Батай высказывал мысль о необходимости появления сообществ избранных, что призваны стать строителями империи, которые бы знали ради чего стоит жить и ради чего стоит умирать. Это было бы «обществом заговорщиков», трагичным обществом, а трагедия, как известно, имеет своим истоком дионисийские братства. «...мир трагедии — это мир вакханок, — рассказывает Батай. — Кайуа говорит также, что одной из целей «тайного общества» является достижение коллективного экстаза и смерти от пароксизма. Империя трагедии не может быть реальностью подавленного и угрюмого мира»218
. И совершенно поразительная фраза: «В конце концов, империя будет принадлежать тем, кто будет так разбрасываться жизнью, что полюбит смерть»219. Субъектом истории новой политической идеологии Батая становится не индивидуум, как в случае либерализма, ни класс и даже ни государство (или раса), как в коммунизме и фашизме, но трагическое сообщество. Прообразом такого сообщества был тайный союз «Ацефал». Не следует забывать, что он имел отношение не только и не столько к политической области, сколько к области религиозной, ибо изначально главной целью Жоржа Батая было создание новой религии.В июле 1937 года в журнале «Ацефал» появляется «Заявление об основании «Коллежа Социологии». Первое его заседание прошло 20 ноября. Был прочитан доклад Батая и Кайуа «Социология сакрального и отношения между «обществом», «организмом» и «существом». Возникновение Коллежа началось с категорического отказа от политики и литературы, — единственным ориентиром признавалась наука, а если говорить точнее, та наука, предметом которой был «отталкивающий аспект сакрального» (или как говорил Монро, «жгучие сюжеты»).

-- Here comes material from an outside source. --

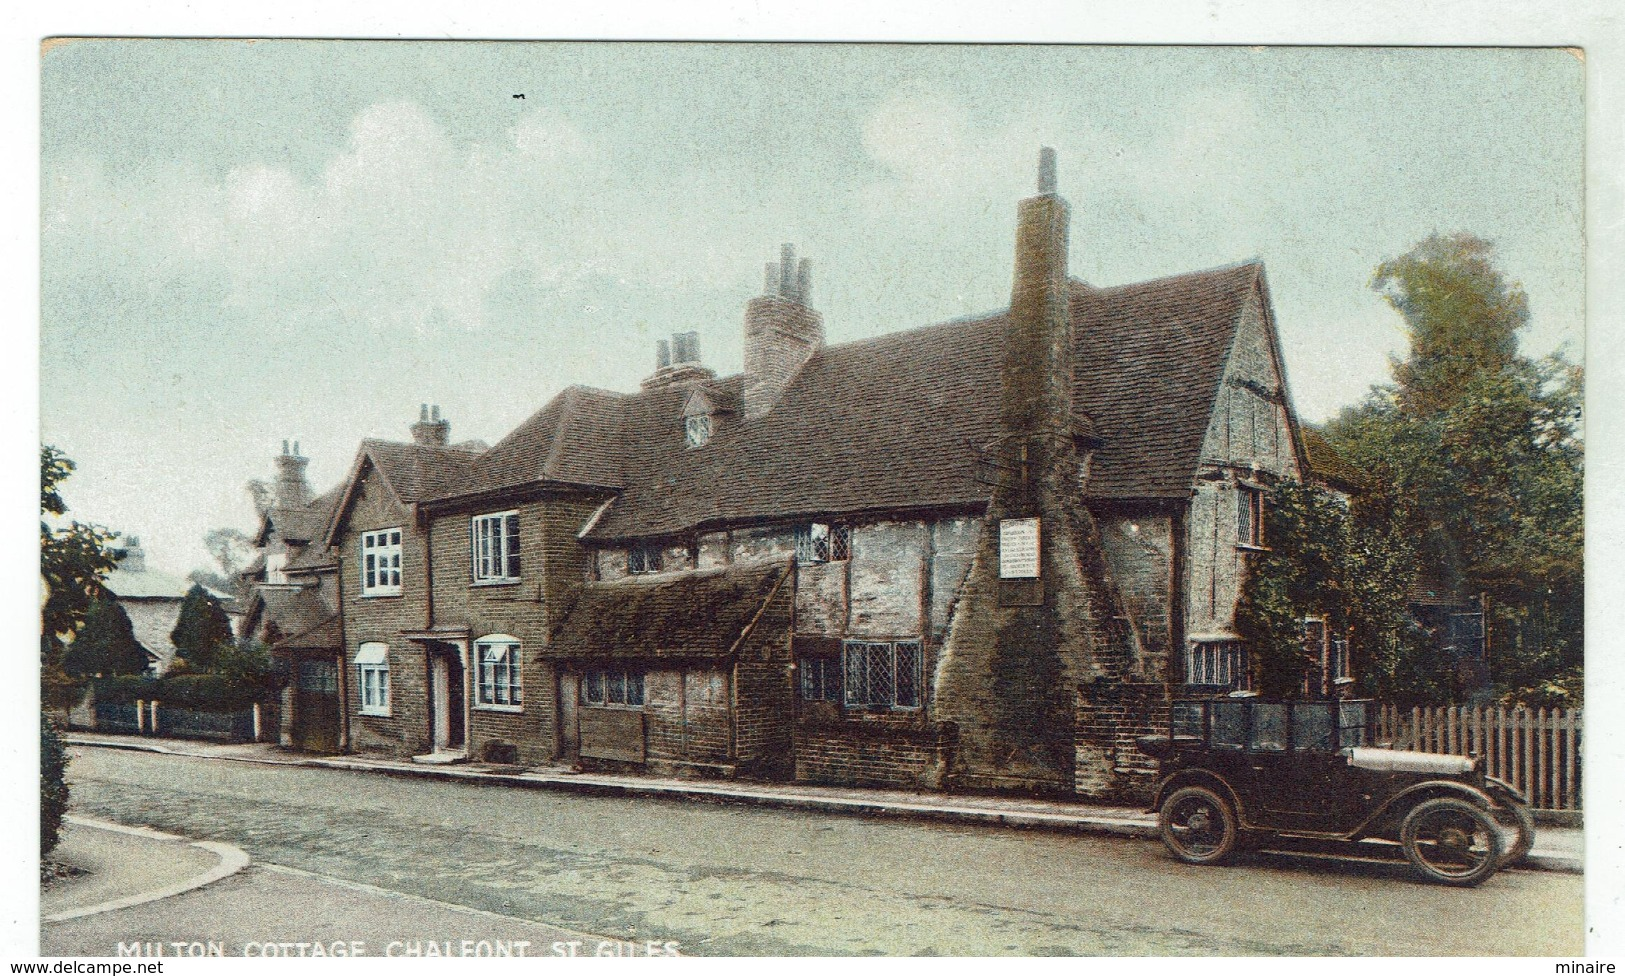 Milton Cottage - CHALFONT ST GILES - Good Condition- 1934 - Buckinghamshire

Основатели Коллежа Социологии, солидаризируясь с «сюррационализмом» Гастона Башляра, избрали иной метод — неосторожность. Необходимо мыслить опасно, сделать ставкой свой собственный разум, ибо «риск разума должен быть всеобщим». На познание не существует никаких запретов. Мышление — это довольно опасный процесс. Мыслить — значит рисковать, так как в «царстве мысли неосторожность является методом». Продолжая исследования таких известных социологов, как Эмиль Дюркгейм, Люсьен Леви-Брюль и Марсель Мосс, члены Коллежа Социологии ставили перед собой непростую задачу — исследование сакральных феноменов, а также осмысление связи природного и общественного мира. Роже Кайуа утверждал, что регенерация сакральных явлений была, пожалуй, фундаментальной целью основателей Коллежа. К сожалению, приходится признавать, что внутри коллектива имел место неразрешимый конфликт: столкновение различных точек зрения на проект «сакральной социологии», в конечном счете, стал причиной раскола. Мишель Лей-рис предлагал устранить всякую двусмысленность и продолжать исследования в рамках официальной науки, что шло вразрез с планами как самого Батая, так и его друга Роже Кайуа. Коллеж Социологии должен был объединить конгениальных друг другу личностей, видевших свою задачу в сакрализации социологии, возведении этой науки в статус сакральной доктрины.
Чтобы приблизиться к пониманию того, что хотел сказать нам Ацефал, обратимся, наконец, к знаковой фигуре и главному персонажу одноимённого журнала, Фридриху Ницше, настолько хорошо знавшему Ариадну, что лишь благодаря ему мы сможем выйти из философского лабиринта Ацефала. С Ницше Батай вёл постоянные «диалоги», доходящие до полного отождествления с немецким философом. Об Ацефале он писал: «Мифологически Ацефал выражает суверенность, обращенную на разрушение, смерть Бога, и в этом отношении отождествление с безглавым человеком сочетается и сливается с отождествлением сверхчеловеческого, которое всецело есть «смерть Бога»220
. Так, сверхчеловеческое возможно лишь после «смерти Бога», ибо, как гласит изречение Ницше, «сверхчеловек есть победитель Бога и ничто». Сверхчеловек возникнет подобно молнии, когда пустыня расширится до размеров вселенной и поглотит собою всё человечество, обречённое стать мостом, сжигаемым сразу после его перехода (bbergang). Перехода к сверхчеловеку. Сверхчеловек в мифологии Батая — ацефалический, «безглавый», «безначальный»327, нерождённый. Но в книге «Так говорил Заратустра» Ницше говорит не просто о явлении сверхчеловека после смерти бога, — он возвещает о смерти всех богов. По Ницше, Сверхчеловек приходит в обезбоженный, опустыненный мир221.